Takahe gigante en Te Anau.

Entraba en la tierra de los fiordos (08.03.13). El esplendor del país en general y de la región en particular me obliga a repetir los adjetivos: bello, hermoso, bonito, lindo, admirable, espectacular. Todos son merecidos y tenedlos por asignados de continuo a estas tierras en tanto hable de ellas, por favor.

A la salida de Te Anau recogí a otras dos autoestopistas. Berenice y Sara son francesas, animadoras sociales, y viajan por las antípodas con un visado de trabajo y muy poco dinero. En el caso de Berenice, además, un reciente esguince en un pie, causado por un torpe compañero de baile que le cayó encima, la obliga a moverse escayolada y con muletas. Queda demostrado que quien se arredra para viajar es porque quiere.

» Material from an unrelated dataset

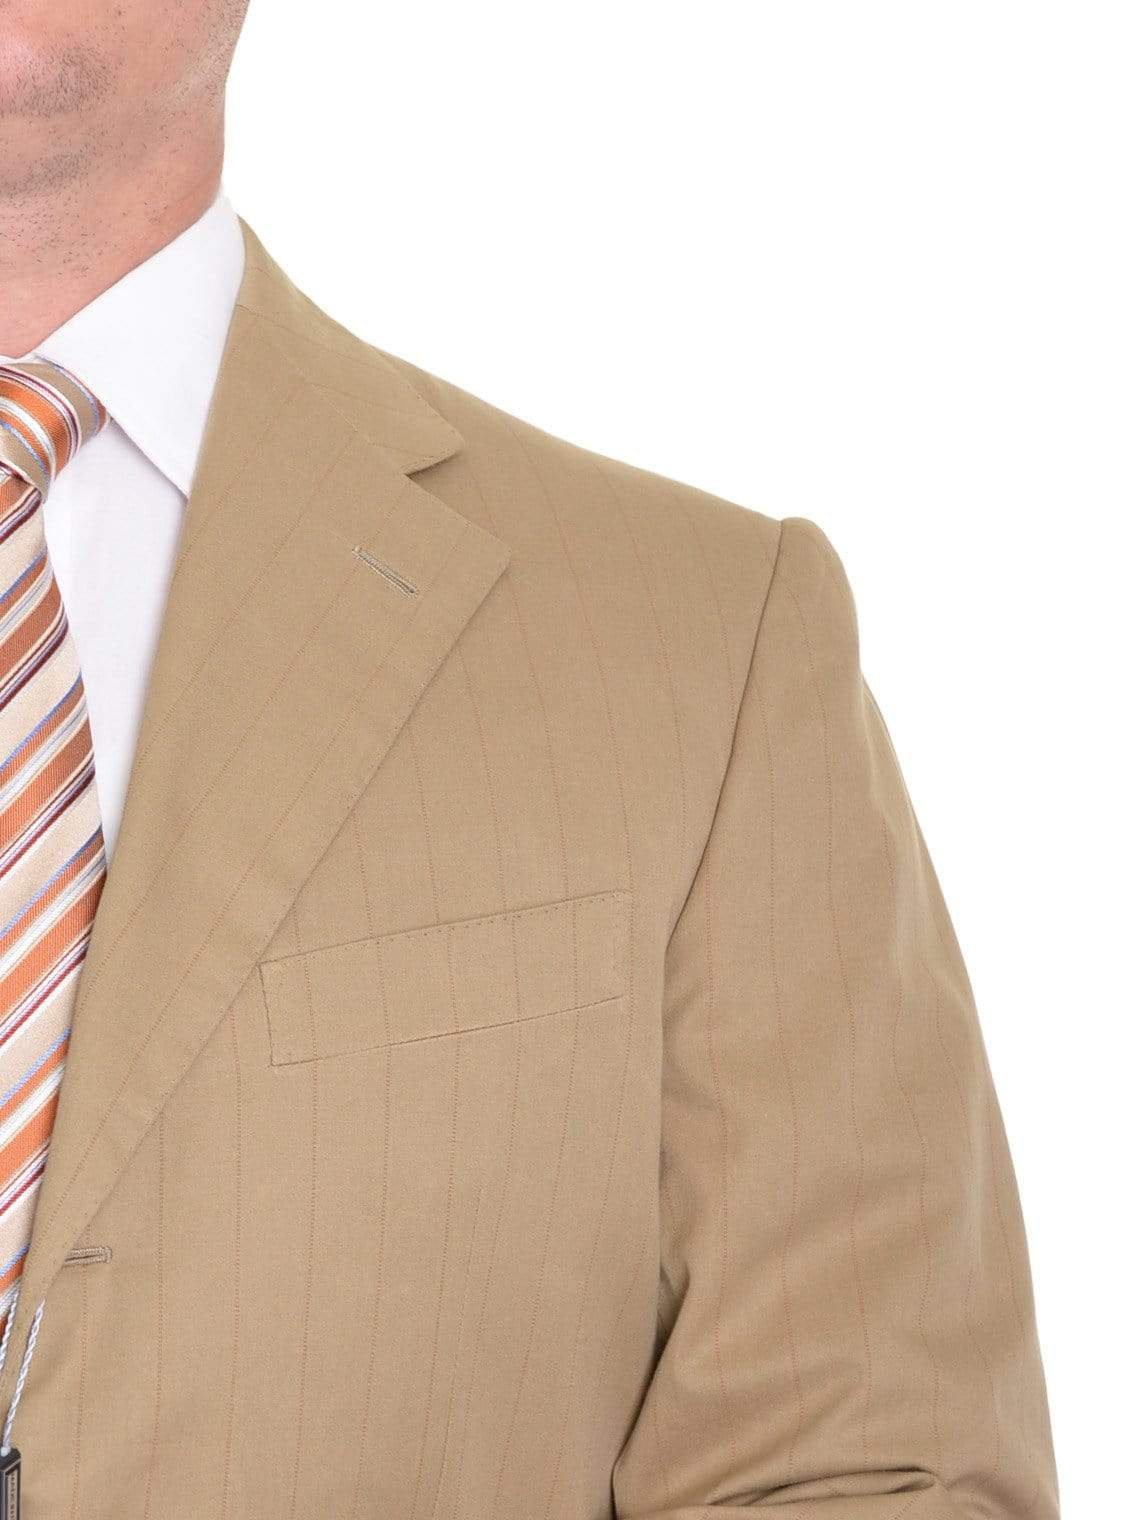 Sartoria Partenopea 40R 50 Tan Striped Unlined Cotton Cashmere Suit - The Suit Depot

Nos detuvimos de camino varias veces para contemplar el paisaje y también para almorzar en un bosque, bien acompañados por un tomtit endémico y descarado, que obviamente había aprendido a aprovechar las visitas humanas. Paramos en busca de los keas en el último paso de montaña que nos separaba del fiordo al que nos dirigíamos, pero no hubo suerte y no vimos ninguno. Me habría de contentar con los de Arthur's Pass, qué remedio.

Mirror Lakes.

Sara y Berenice, de merienda forestal.

Sara con su amigo, el tímido tomtit.


Sara y Berenice no podían pagarse la excursión en barco (en Nueva Zelanda no regalan nada, puedo asegurarlo), ni tampoco disponían de mejor transporte que el que servidor pudiese ofrecerles para regresar a Te Anau, única localidad con alojamiento disponible en la zona. Acordamos pues que se entretuvieran por los alrededores hasta mi regreso, para volver los tres en mi coche.

Subí a bordo y salimos a navegar por el fiordo de Milford, al final de la carretera. De entre tantos y tantos lugares bellos en Nueva Zelanda, Milford Sound es uno de los más afamados. Con toda justicia. Fueron algo menos de tres horas de cómodo paseo por las aguas resguardadas del fiordo, acercándonos a los altísimos acantilados incluso lo suficiente para recibir el agua de las cascadas en la proa, admirando otarios y algunos pingüinos de los más raros que se conocen, como el crestado de los fiordos. El tiempo fue indulgente y los retazos de nubes que a ratos envolvían las paredes sólo acrecentaban el encanto del entorno.

El comienzo de Milford Sound, al comienzo.

El punto blanco de el medio es un barco de buen tamaño.




El comienzo de Milford Sound, al final.

Recogí a mis compañeras, que habían disfrutado de las vistas desde tierra y de algún paseo, corto por fuerza, e hicimos un nuevo intento en el puerto de montaña.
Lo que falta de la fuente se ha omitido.